Nice write-up. I have never ridden an E-bike and do not see it happening anytime soon, since for me, the suffering is a large part of clearing my head. However several of my close friends that I have been riding with for many years have reached a point in life where the E-bike has given them the opportunity to keep riding many of the local trails that would otherwise not be possible. And for that, I am so very thankful.


----------



## telemike (Jun 20, 2011)

I've been in complete agreement for years. Climbing on bikes or skis is a contemplative and challenging experience. The effort climbing is a part and a benefit of mountain biking.

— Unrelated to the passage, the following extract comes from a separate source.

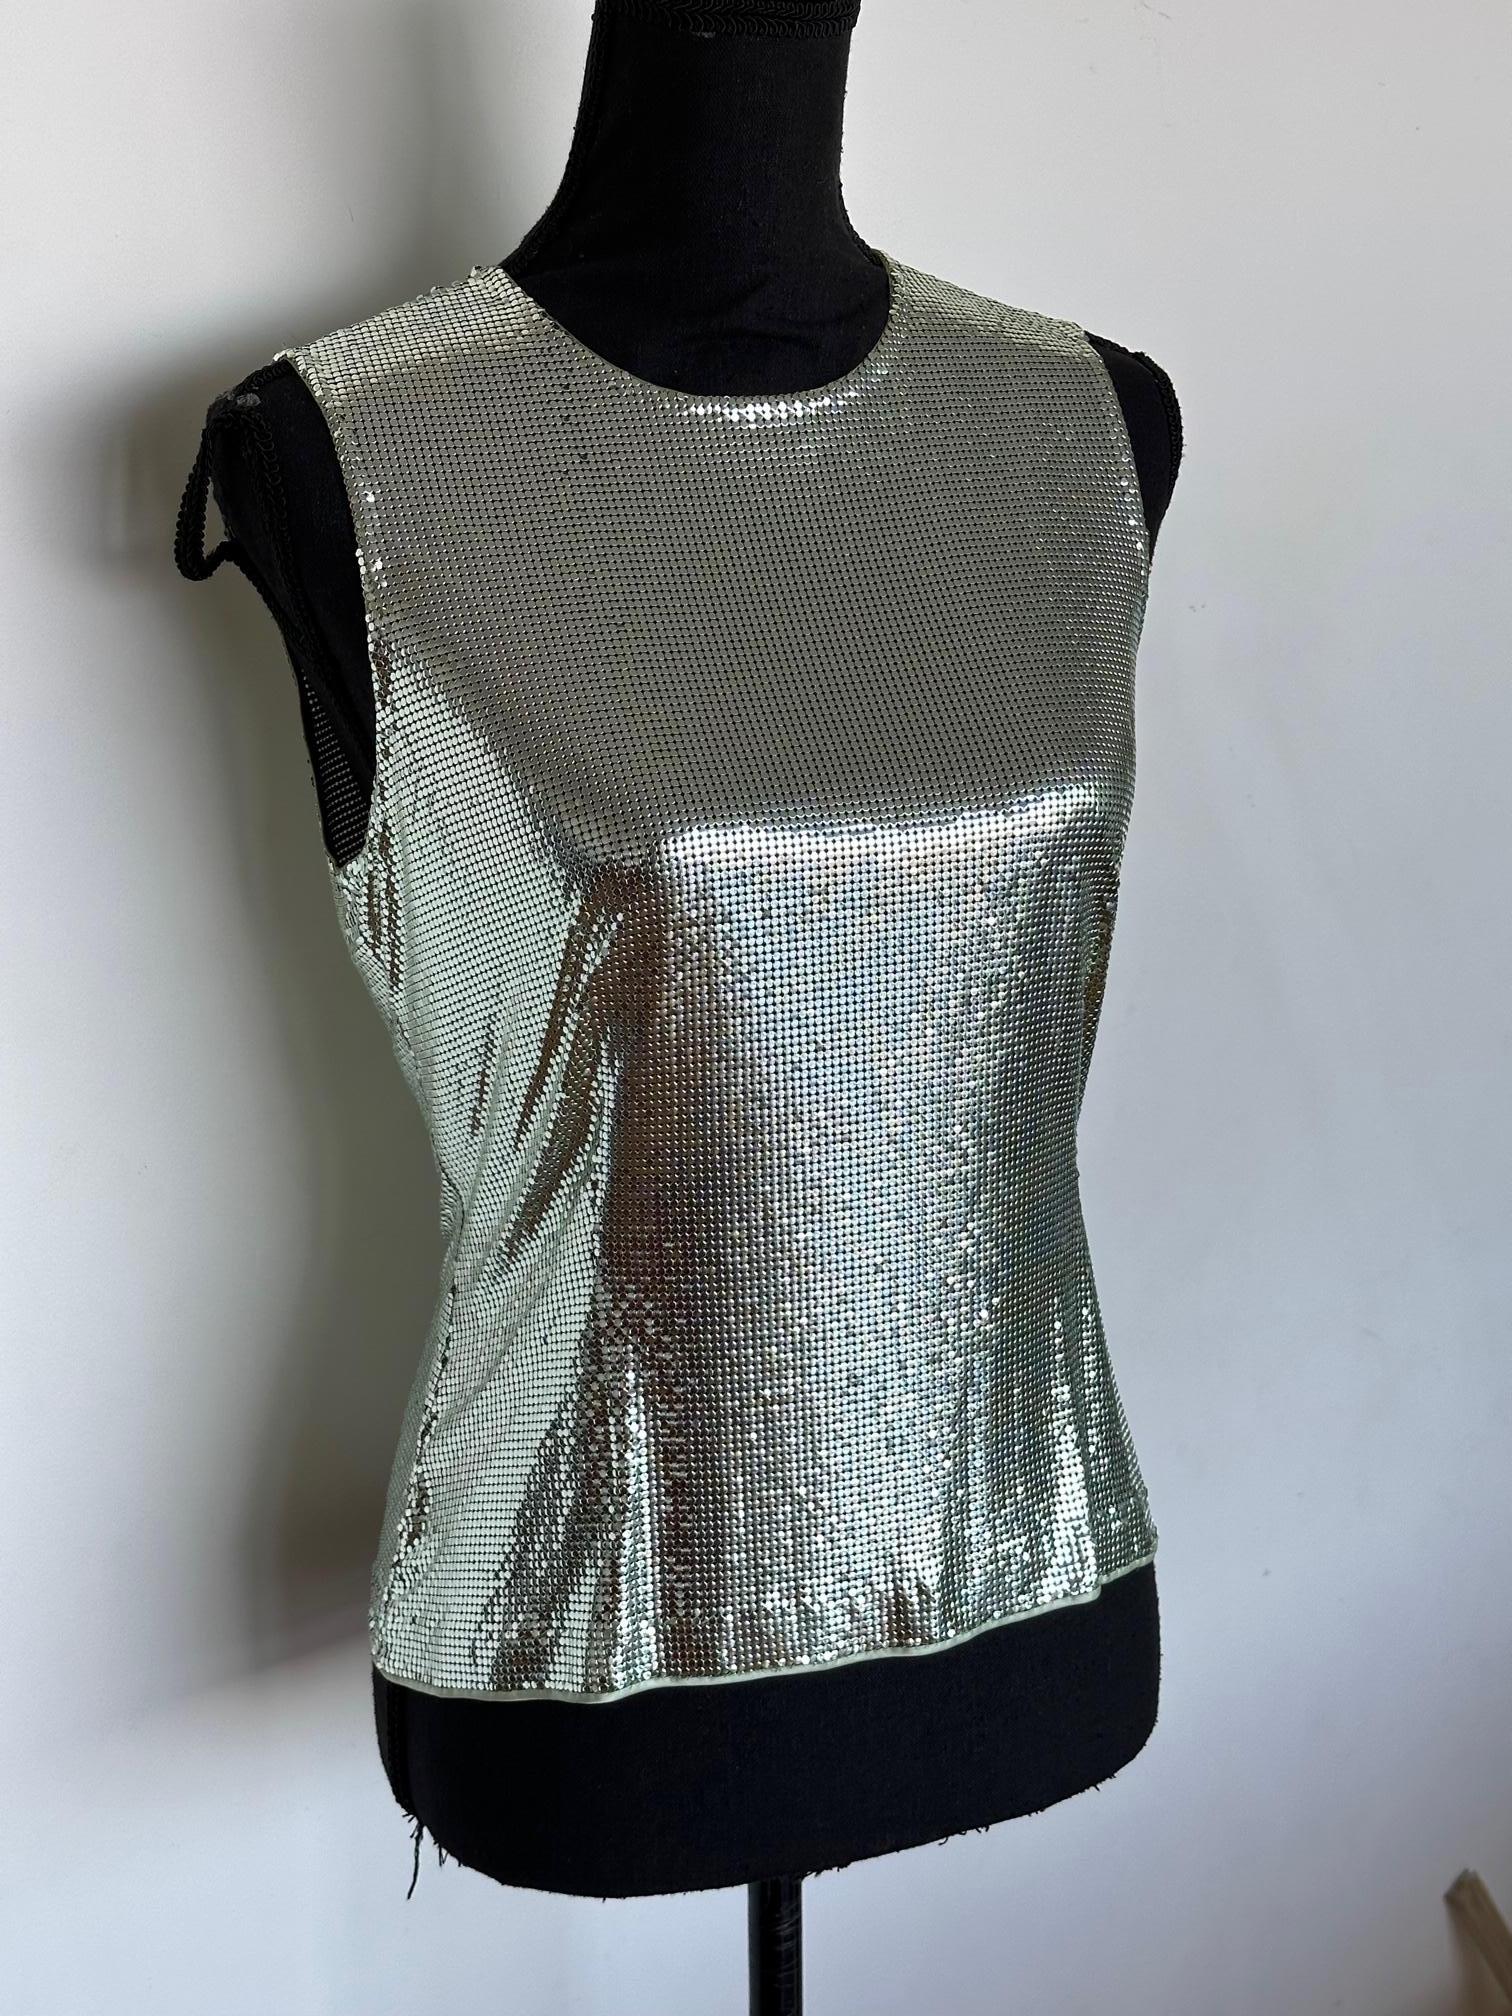 Gianni Versace Couture Metallic Mesh Top For Sale 2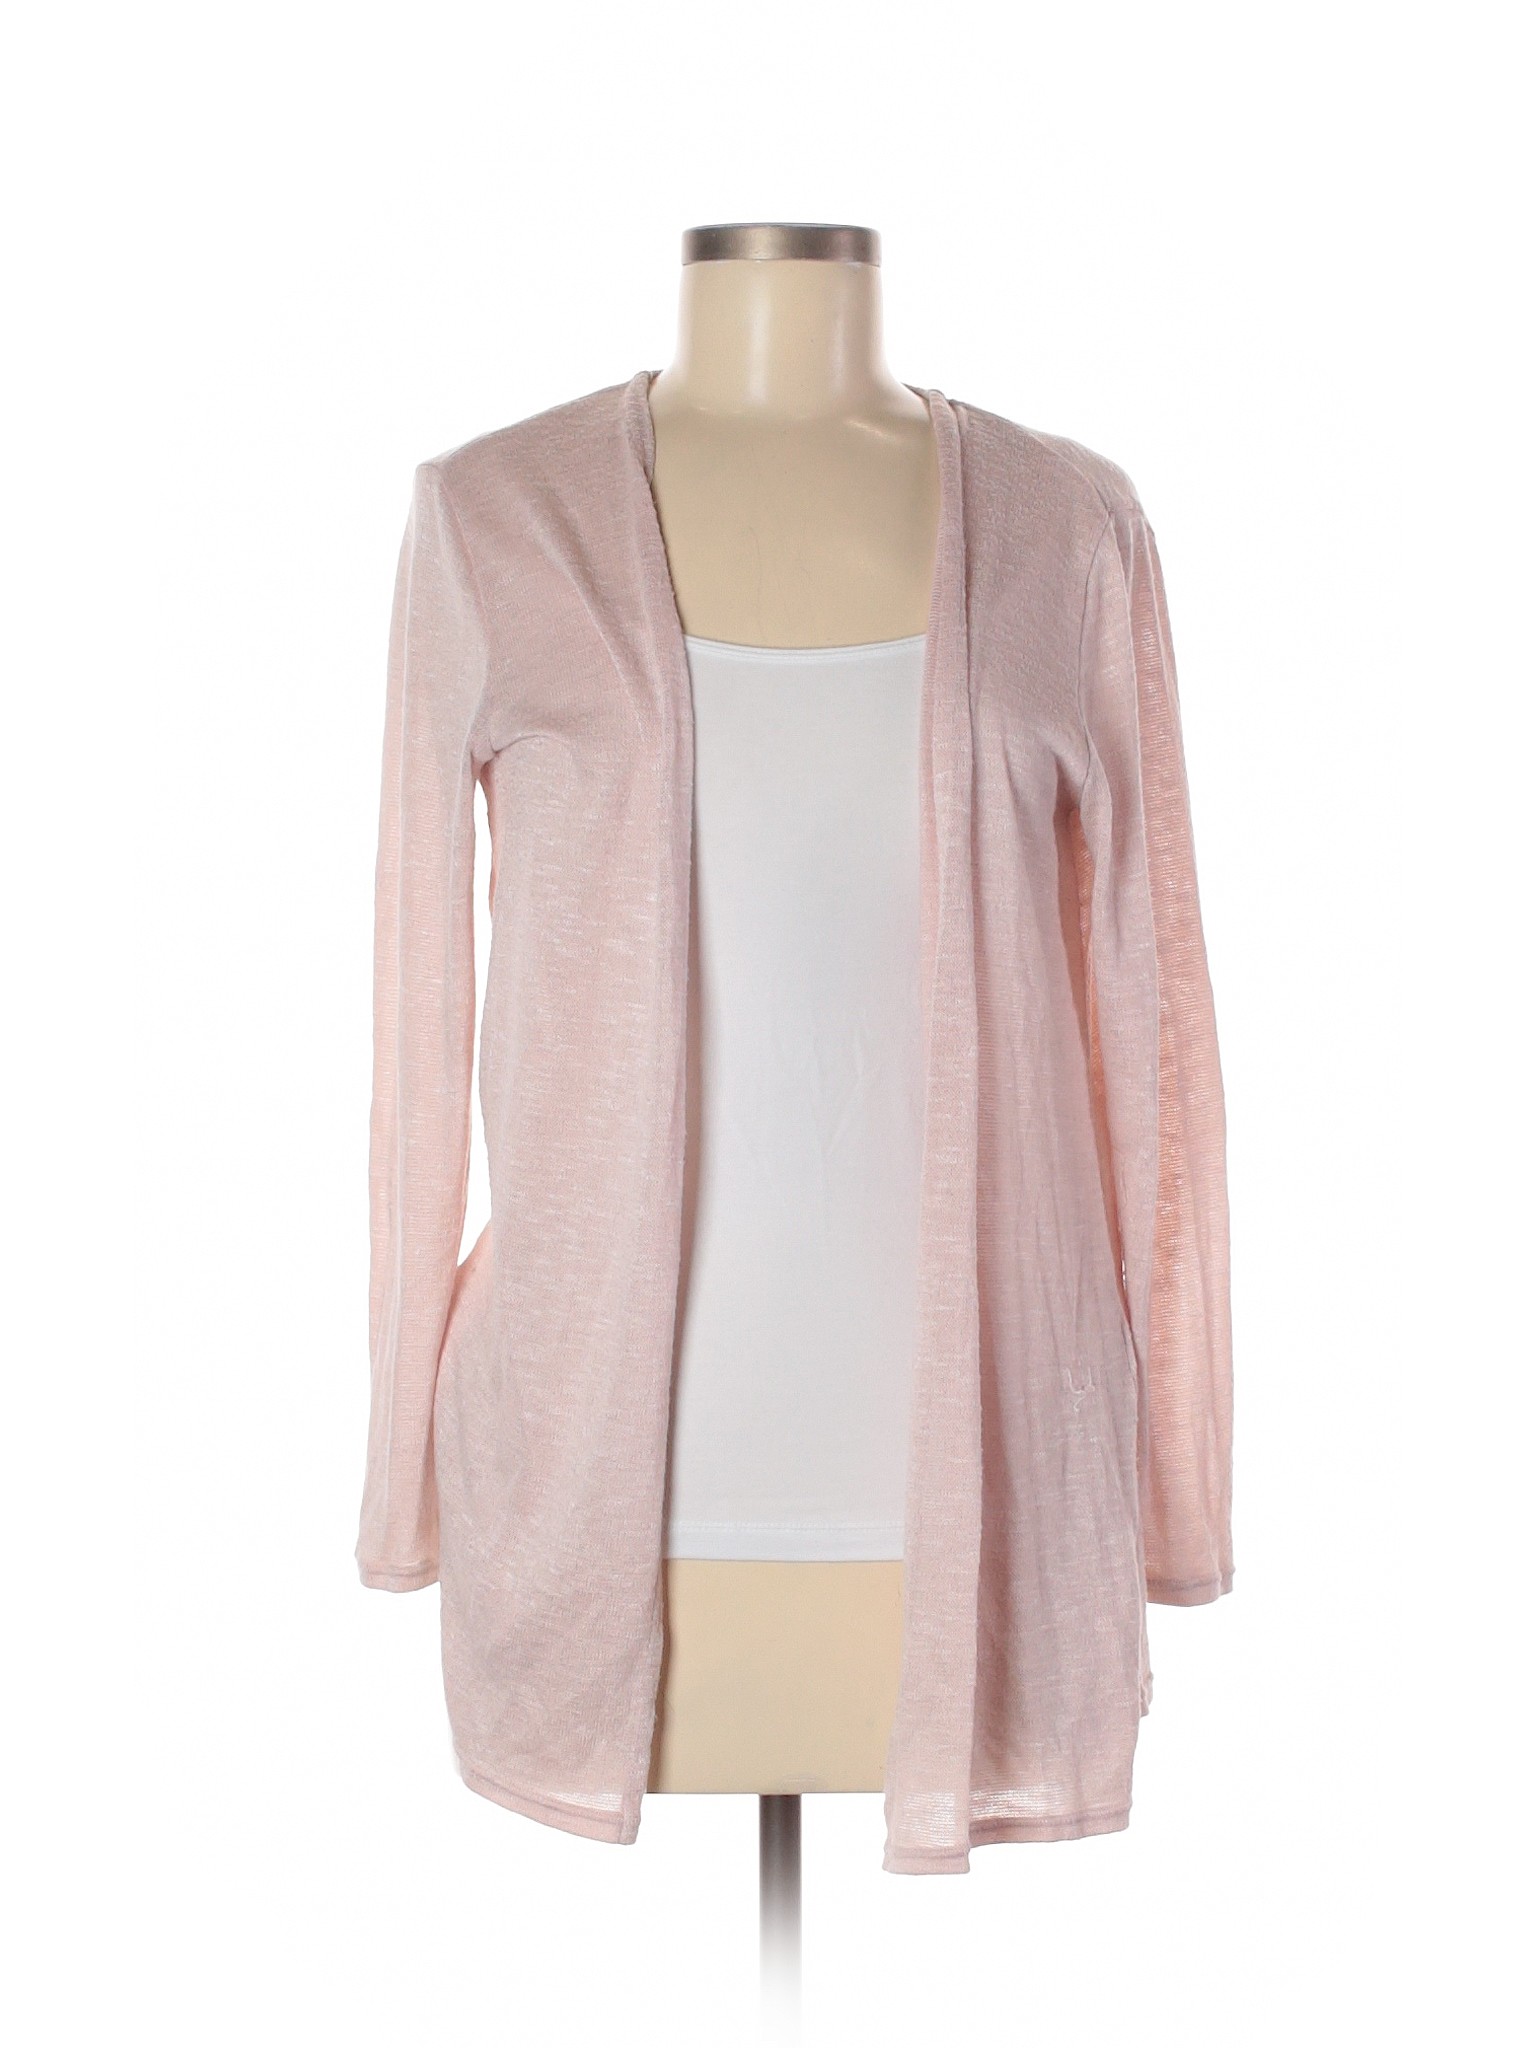 Divided by H&M Women Pink Cardigan M | eBay

But time moves on and I'm finding myself pushing the bike on any steep hill and any long hill. Because this area is short on flat trails, all my rides involve pushing up to a third or more of the ride and it is getting old. I love the access to the wilds that mtb gives, especially on the BLM lands in California's inner coast range and I'm looking now at an emtb to keep riding. At 74 I hope to keep riding for many more years so an emtb may be the key to that.

That is why I want an emtb and why lots of other older and handicapped riders want emtbs. We just don't want to lose this sport and turn to daytime TV and other people playing sports on TV.

Now, emtbs are one thing, but e-telemark skis will never happen. There are ski lifts, but they do not service the backcountry where I have skied for my adult life.


----------



## RBoardman (Dec 27, 2014)

I never understand why people feel the need to use their age to justify an ebike. This is something I also hear out on the trails frequently, “Aren’t you too young to be on an ebike…” 

I ride it because it’s fun and arguably the best descending bike I’ve owned. (Kenevo SL) No other reason.


----------



## scottg (Mar 30, 2004)

Sparticus said:


> Here's what I consider a worthy application of the ebike:
> View attachment 1985371
> 
> View attachment 1985375
> ...


We have a couple of ebikes for access and tool transport on our trails and they are great for that. Less time getting to the work location just means more time and energy to do trail work.


----------



## Tickle (Dec 11, 2013)

RBoardman said:


> I ride it because it’s fun and arguably the best descending bike I’ve owned. (Kenevo SL) No other reason.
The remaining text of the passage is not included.